Problem Statement (link):

Given a triangle, find the minimum path sum from top to bottom. Each step you may move to adjacent numbers on the row below.
For example, given the following triangle

[
     [2],
    [3,4],
   [6,5,7],
  [4,1,8,3]
]

The minimum path sum from top to bottom is 11 (i.e., 2 + 3 + 5 + 1 = 11).
Note:
Bonus point if you are able to do this using only O(n) extra space, where n is the total number of rows in the triangle.

Analysis:
This problem is similar to find-shortest-path problem, it's obvious a DP.

I tried DFS first - as in Sol 1, using an int to store the smallest sum we got so far, even though it uses O(1) space, it has O(n^2) time complexity and overlapped sub-problems.

I turned to DP. It is obvious we can use a 2-D dp matrix to record all the smallest sum up to some number, where dp[i][j] record the smallest sum to j-th entry of i-th vector in triangle. However, the problem asks for O(n) space complexity.

Think about bottom-up approach instead.
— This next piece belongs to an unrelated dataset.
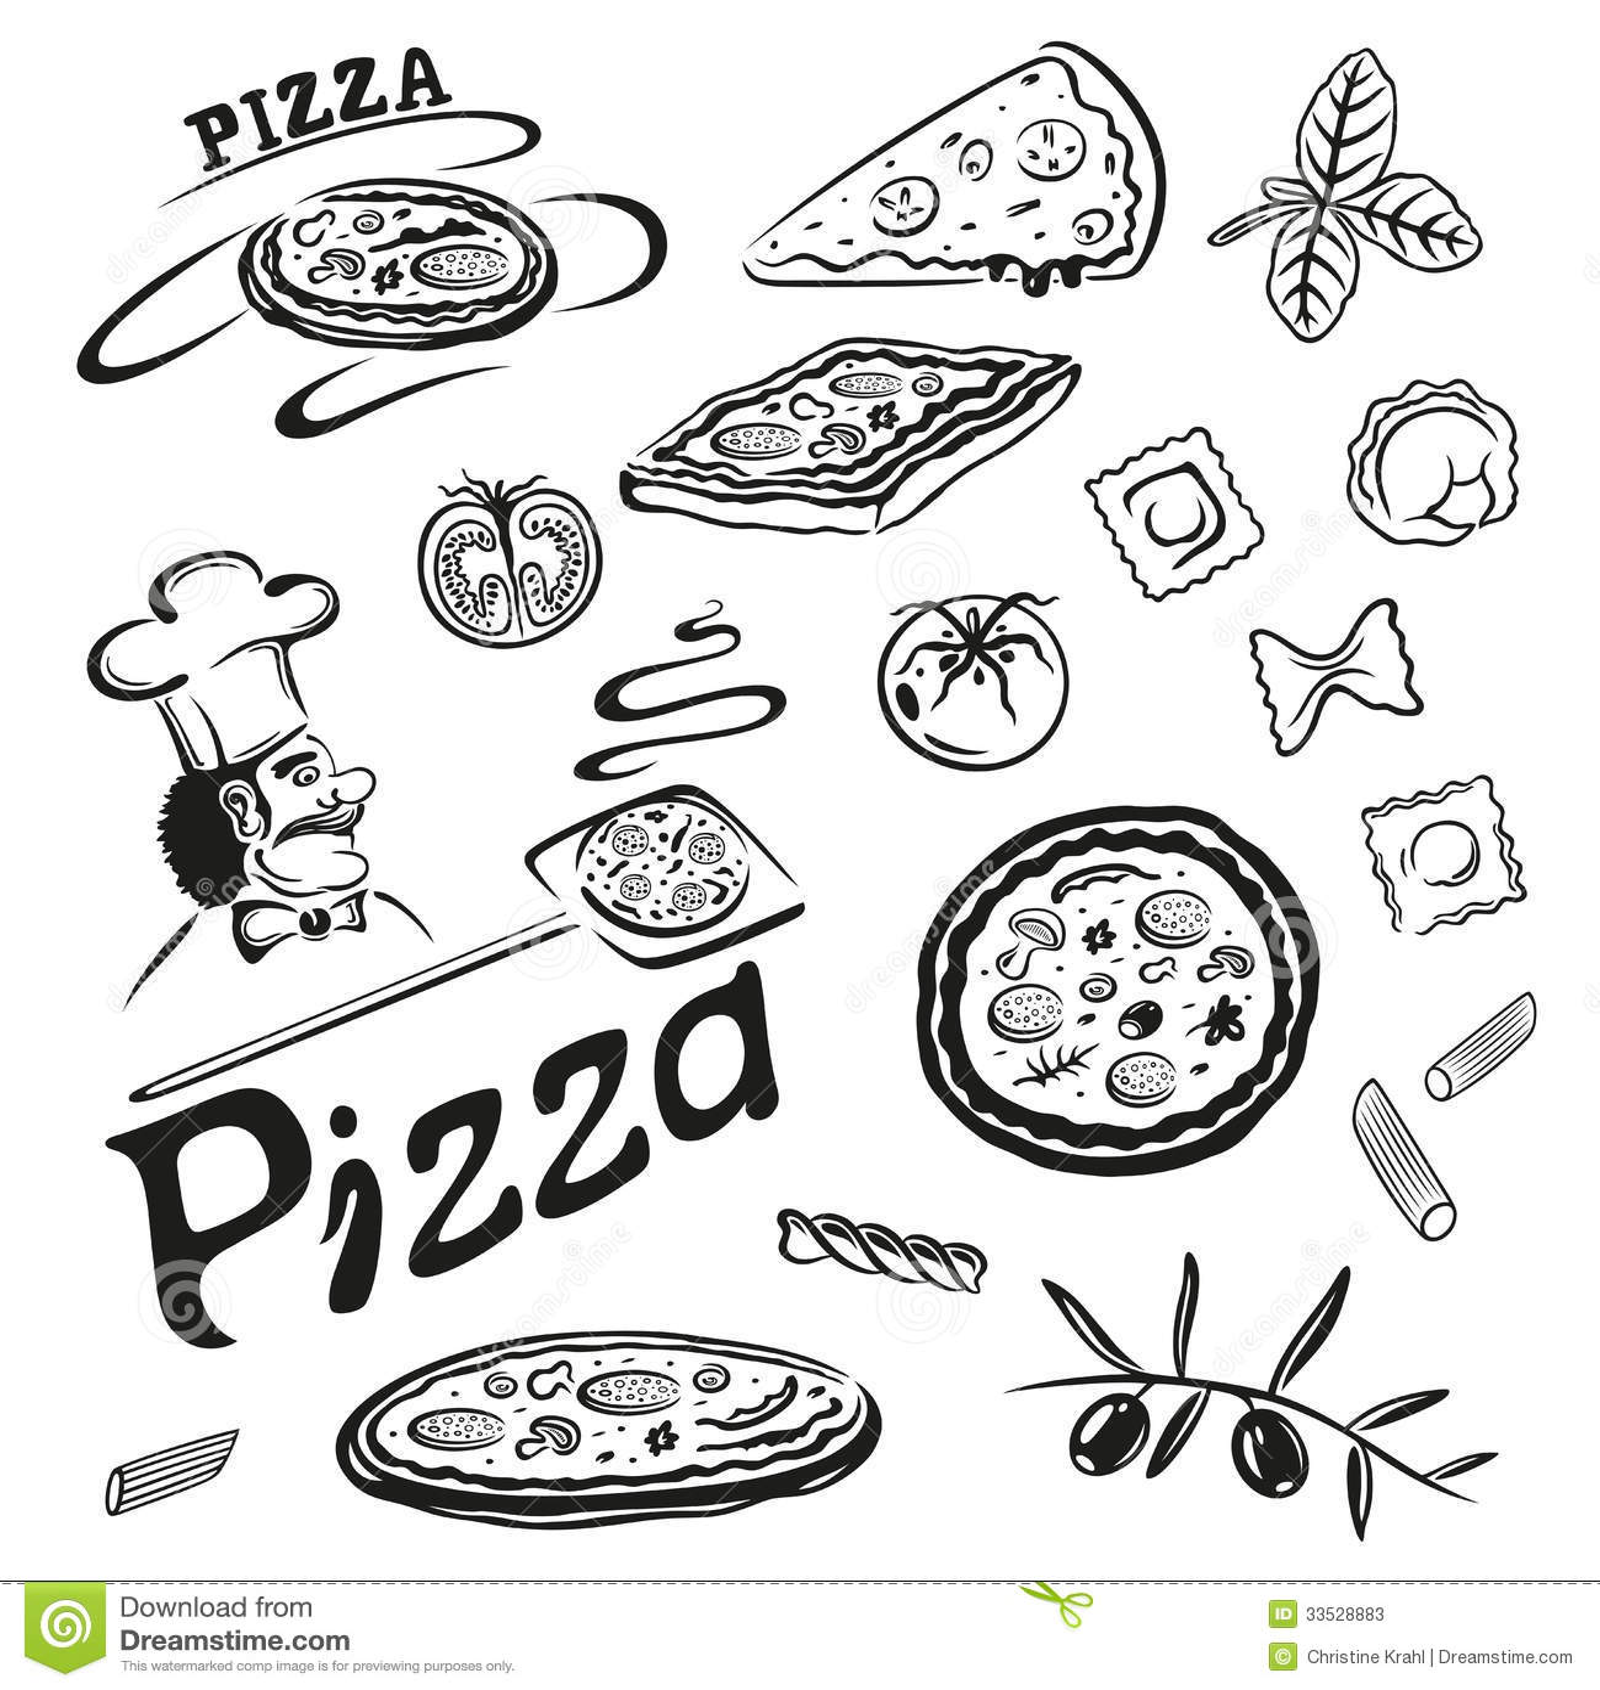 Pizza Pasta Stock Photos

We use a length-n dp vector to record the smallest sum up to some number as well, where n is length of triangle. But this time, we update/re-use the dp vector iteratively as we scan through the triangle toward the pinnacle. Thus, for triangle[i], we only need the first [0 : i] of the vector.

How about the transition function? Well, except for the bottom row, where dp[i] equals each entry of the vector, we compute the new dp[i] by adding the number itself to the smallest value of its adjacent two number in the row below. We repeat this process until we reach the pinnacle. See Sol 2 for code.

Code:
Sol 1 - DFS (TLE)

int minimumTotal(vector<vector<int> > &triangle) {
    if (triangle.empty()) return 0;
    int n=triangle.size();
    //vector<int> minVec(n,INT_MAX);
    int m=INT_MAX;
    recur(triangle, m, 0, 0, 0);
    return m;
}
// i-row num; j-index in each vector
void recur(vector<vector<int>>& triangle, int& m, int val, int i, int j) {
    if (i==triangle.size()) {
        m=min(m,val);
        return;
    }
    recur(triangle, m, triangle[i][j]+val, i+1, j);
    recur(triangle, m, triangle[i][j]+val, i+1, j+1);
}

Sol 2 - DP

class Solution {
public:
    // try 2 - DP
    int minimumTotal(vector<vector<int> >&triangle) {
        if (triangle.empty()) return 0;
        vector<int> dp(triangle.size(), INT_MAX); // dp vector-reuse on every row
        // Build bottom up
        for (int i=triangle.size()-1; i>=0; i--) {
            for (int j=0; j<triangle[i].size(); j++) {
                if (i==triangle.size()-1) // The initial condition
                    dp[j]=triangle[i][j];
                else
                    dp[j]=triangle[i][j]+min(dp[j], dp[j+1]);
            }
        }
        return dp[0];
    }
};